Amerikan New York Times gazetesinde yayımlanan ve Science dergisindeki bir araştırmaya dayandırılan çalışma, İstanbul’da şiddetli bir deprem olasılığına dikkat çekerek kamuoyunda endişe yarattı.
Amerikan New York Times gazetesinde yayımlanan ve Science dergisindeki bir araştırmaya dayandırılan çalışma, İstanbul’da şiddetli bir deprem olasılığına dikkat çekerek kamuoyunda endişe yarattı. Araştırmanın gündeme gelmesinin ardından deprem uzmanlarından peş peşe değerlendirmeler gelmeye başladı.
Bu kapsamda deprem uzmanı Prof. Dr. Osman Bektaş’ın sosyal medya üzerinden yaptığı açıklama, kısa sürede geniş yankı uyandırdı.
“İSTANBUL 7’DEN BÜYÜK BİR DEPREME HAZIR OLMALIDIR”
Prof. Dr. Osman Bektaş, İstanbul’un deprem gerçeğine karşı hazırlıklı olması gerektiğini belirterek, özellikle 7’den büyük depremler ihtimalinin göz ardı edilmemesi gerektiğini ifade etti.
Bektaş, Marmara Denizi’ndeki Ana Marmara Fayı’na ilişkin bilimsel verilerin zaman içinde değişen bir tablo ortaya koyduğunu vurguladı.
Bektaş, 23 Nisan’da meydana gelen depremin önemine işaret ederek, bu sarsıntının fayın davranışına dair önemli veriler sunduğunu belirtti. Uzman isme göre, yaşanan bu deprem çok parçalı kırılma modelini destekleyen nitelikte.
Prof. Dr. Osman Bektaş, açıklamasında şu ifadelere yer verdi:
“2004 yılından sonra Ana Marmara Fayı’nın davranışına ilişkin artan bilimsel veriler, ‘tek parçalı ve 7’den büyük deprem’ modelinin, ‘çok parçalı ve 7’den küçük depremler’ modeline evrilmesine neden olmuştur.”

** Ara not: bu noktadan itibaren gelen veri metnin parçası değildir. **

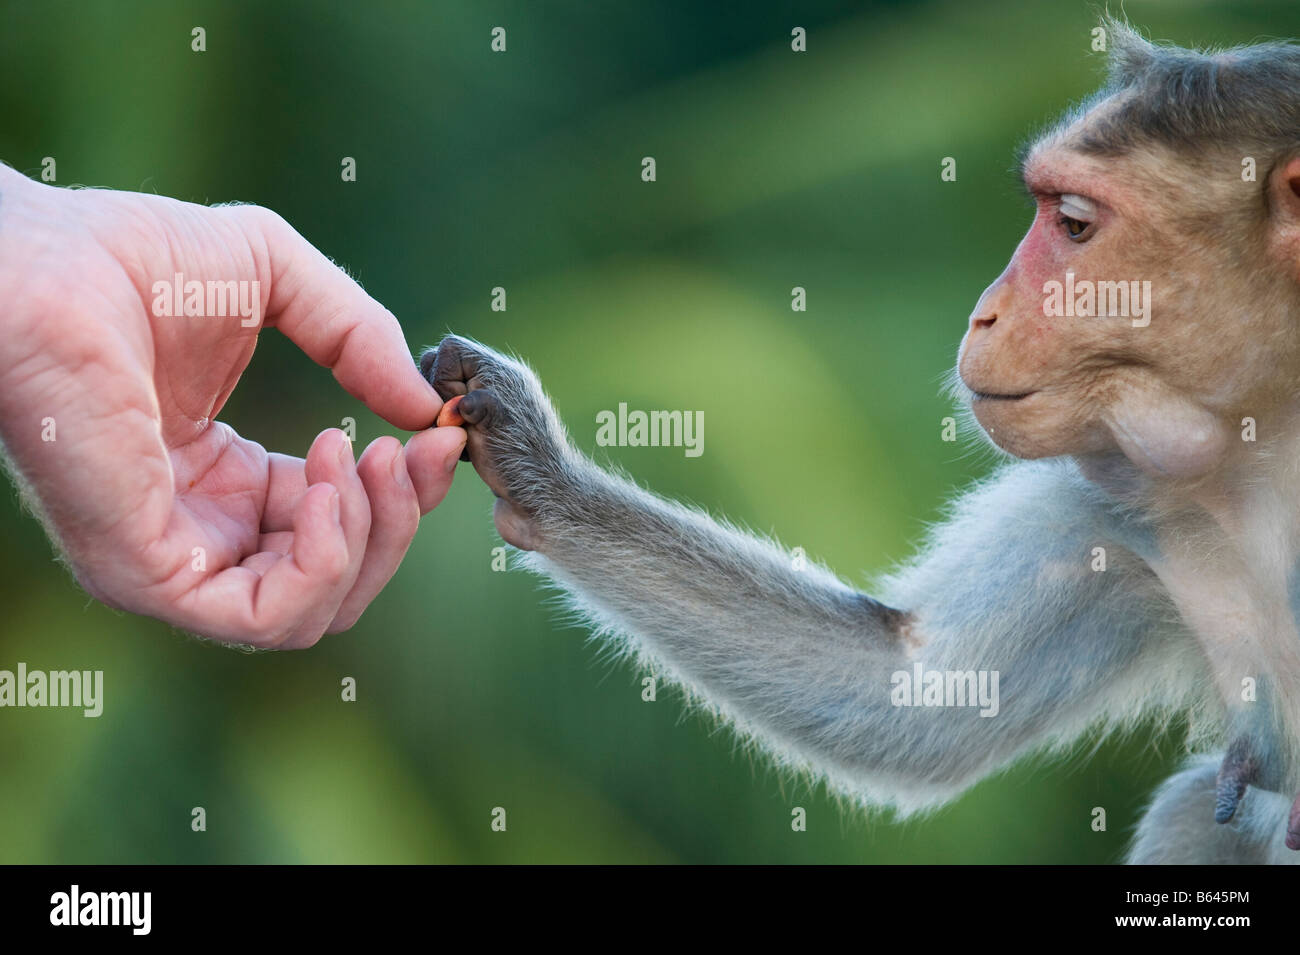 Macaca Radiata. Bonnet Macaque Affen Hand nehmend Erdnüsse aus einer menschlichen Hand. Andhra Pradesh, Indien Stockfoto

Deprem tahminlerine ilişkin belirsizliklere de dikkat çeken Bektaş, şu değerlendirmelerde bulundu:
“En doğru tahminler bile yüzde 60 doğruluğun üzerine çıkamaz. Bilimsel algoritmalar doğayı birebir yansıtamaz; deprem parametreleri zaman ve mekâna bağlı olarak değişir.”
Bektaş, İstanbul için en büyük sorunun yalnızca depremin olasılığı değil, olası can ve mal kaybı riski olduğunu vurguladı. Açıklamasında şu ifadeye yer verdi:
“İstanbul’un deprem riski, deprem tehlikesinden çok daha yüksektir.”
2025 DEPREMİ MODELLERİ DESTEKLEDİ
Uzman isim, 2025 yılında meydana gelen 6,2 büyüklüğündeki depremin ve ortaya çıkan sonuçların, Marmara’daki fay sisteminde çok parçalı kırılma modelini desteklediğini belirtti.